С первого взгляда Валентине бросается в глаза ужасающая бедность квартиры Красновых. Голые полы, голые окна без штор (возможно, занавески – тоже от лукавого?), ни цветов, ни телевизора, ни приличной мебели. Будто инспектор Теплогубова-Теплушка шагнула из типовой пятиэтажки прямиком в средневековую монастырскую обитель. В солдатской казарме, небось, и то уютнее.

Жилище Фомы и Александера напоминает Вале Михайловский скит, куда она ездила на экскурсию с подучётными детьми. Спартанская обстановка: в ближней комнате видны лавки, стол и огромный, во весь угол, иконостас. В иконах Валентина не разбирается, но интуиция ей подсказывает, что они древние и довольно редкие.

Квартира двух- или трёхкомнатная, но больше из прихожей Валентине ничего не видно, не считая полки с кипой церковных книг, навроде той, что лежала на коленях у Фомы. В доме пахнет воском, ладаном, елеем и кислыми позавчерашними щами. Полы действительно грязные – разуваться в этом склепе наверняка не принято. Бедная мамка Фомы! Наверно, до того устаёт мыть чужие полы, что на свои уже сил не остаётся.

- Здравствуйте! – Валентина нарочито громко топает каблучками. – Это полиция! Есть кто дома?

Никто не отвечает. Странно. Вероятно, таинственный Александер просто-напросто выскочил в магазин за хлебом насущным, потому и дверь не запер? Помешкав ещё минуту, Валентина Теплогубова плюёт на условности и объявляет:

- Вы как хотите, господа хорошие, но ребёнка на балконе запирать нельзя! Сейчас я его выпущу, завтра ждите вызова на комиссию по делам несовершеннолетних! У вас не жильё, а свинарник!

Быстро сориентировавшись, в какой стороне комната с балконом, Валентина Юрьевна проходит туда прямо в сапогах. Круглые икры в чёрных колготках шелестят между собой, будто секретничают или целуются, и трутся, и издают лёгкий капроновый свист, будто бисер рассыпается.
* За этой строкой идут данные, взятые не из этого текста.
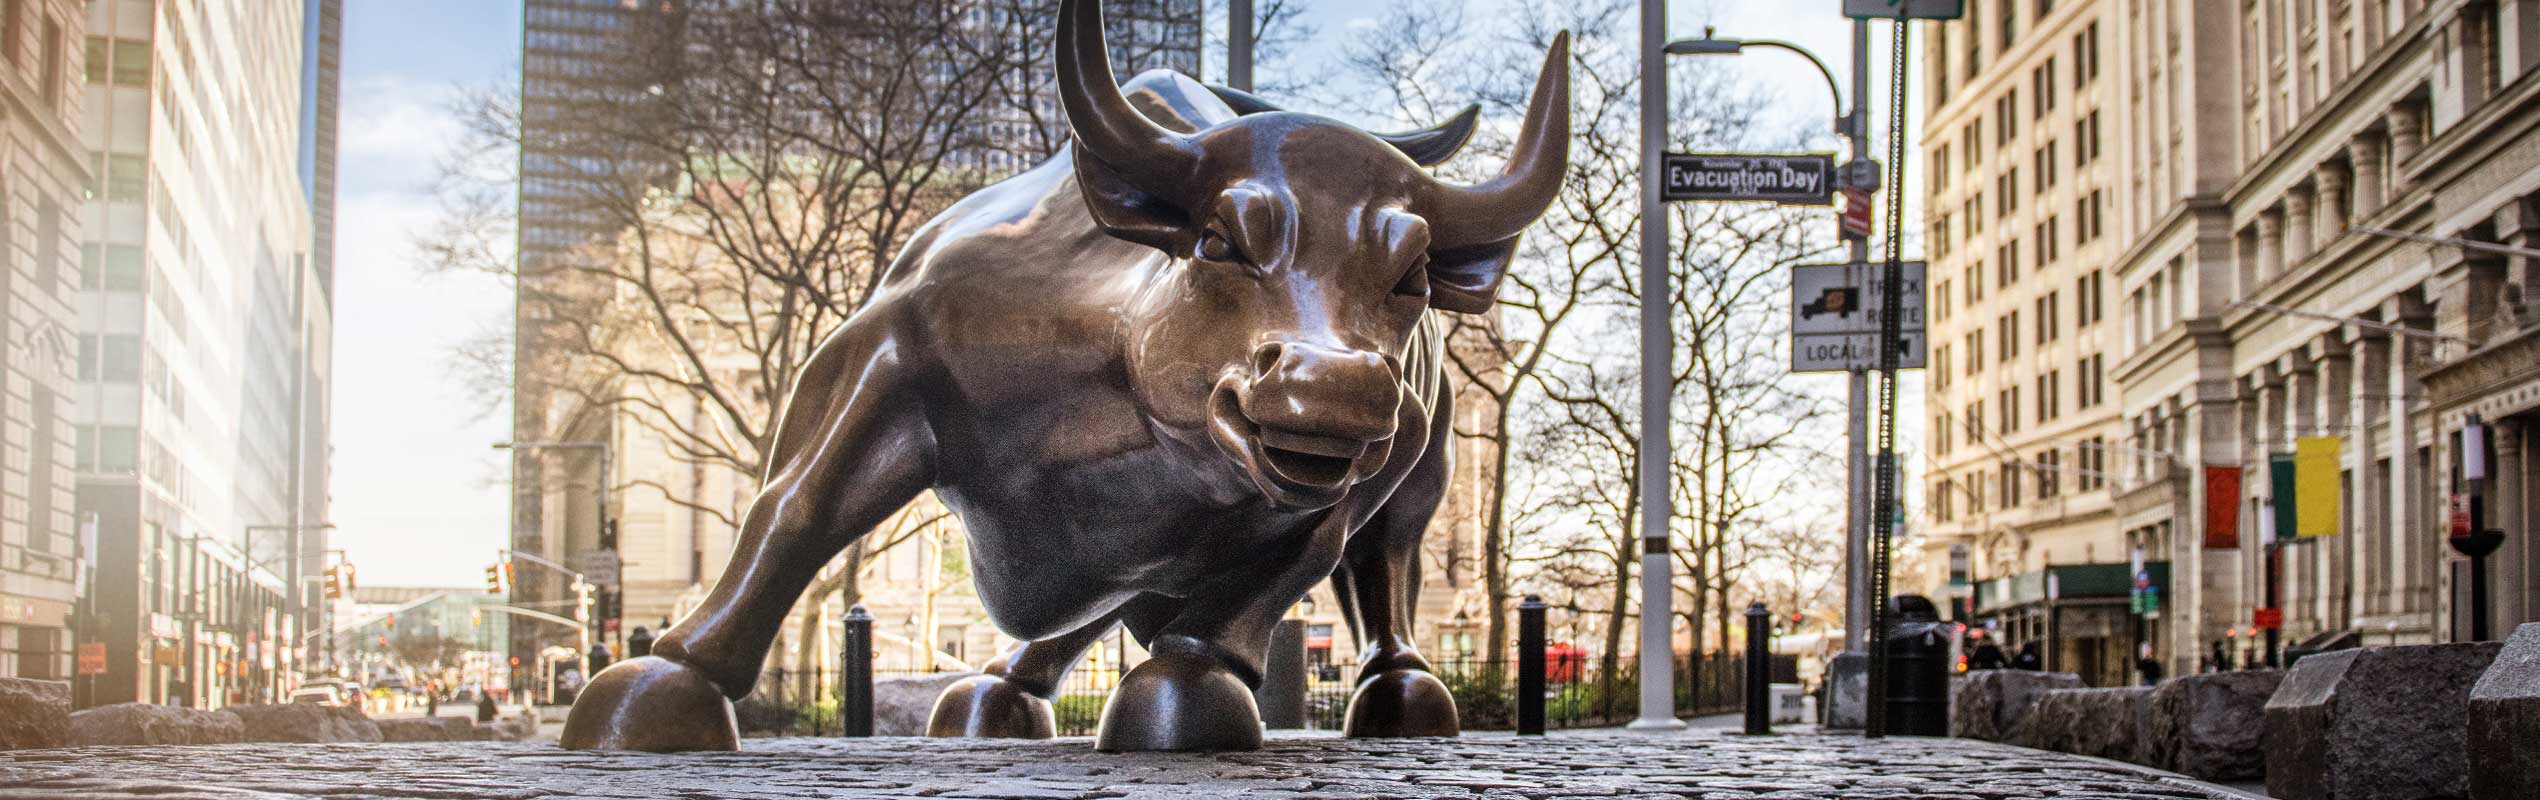 Charging bull statue on Wall Street in New York City.

Вот и нужная комната, первая слева, за стеклянной балконной дверью Валентина видит оробевшего мальчугана Фому. Он поднял перед собой растрёпанную раскрытую книгу, будто хочет спрятаться. В комнате голо и пусто, вместо люстры остался только тёмный круг штукатурки, на стенах нет розеток, зато всюду расставлены свечи, целые, половинки и совсем огарки.

«Ишь, свечек себе припасли, богоизбранные! - раздражается Валентина. - Надо же по вечерам свои талмуды читать!... Н-да, дело ясное. Бабки у подъезда где так шустрые, а тут ни мычат, ни телятся. Как бы бедного Фому в детприёмник изымать не пришлось».

Оттолкнув бедром голый стол и длинную тяжёлую лавку с какими-то брусьями и накладками на концах, инспектор Теплогубова крейсером приближается к балконной двери.

- Фома, я пришла, сейчас тебя впущу. Мрак! У вас кошмарные бытовые условия, а твоего папу я пока не видела...

- Оборотись и узришь, - говорит через стекло мальчик, продолжая прятаться за книжкой.

Старший лейтенант Валентина Теплогубова оборачивается и обнаруживает у себя за спиной плюгавого бородатого мужичонку с зобастым, не по размеру выпирающим кадыком. Волосы у батюшки грязны и взлохмачены, ноги босы, в бороде застряли стружки квашеной капусты. Из одежды на кадыкастом мужичке белая дырявая рубаха да заношенные белые штаны. Чем-то он неуловимо похож на безумного отца Фёдора из комедии «Двенадцать стульев».

- Не думайте, что Я пришёл нарушить закон или пророков: не нарушить пришёл Я, но исполнить, - неожиданно глубоким басом говорит плюгавый мужичок. Видимо, перед мадам Теплогубовой и есть отец семейства, Александер Краснов по прозвищу Баптист.

Но главное не в этом. В руках у Баптиста - обрез ружья, нацеленный Валентине в живот.

 
***


За четыре года работы в ПДН Валентина Юрьевна посетила множество семей разной степени неблагополучия. Досыта насмотрелась на пьяных, обколотых и судимых родителей, равно как на пьяных, обколотых и агрессивных детишек, но везде скромнице Теплогубовой как-то везло. К визиту красивой и мягкой инспекторши шебутной народец относился более-менее уважительно, как к неизбежному злу. К тому же в рейды инспекторы ездят не поодиночке, а в составе комиссии: есть кому прикрыть сверхупитанную задницу Валечки, напоминающую два прожектора, обтянутых прорезиненным чехлом.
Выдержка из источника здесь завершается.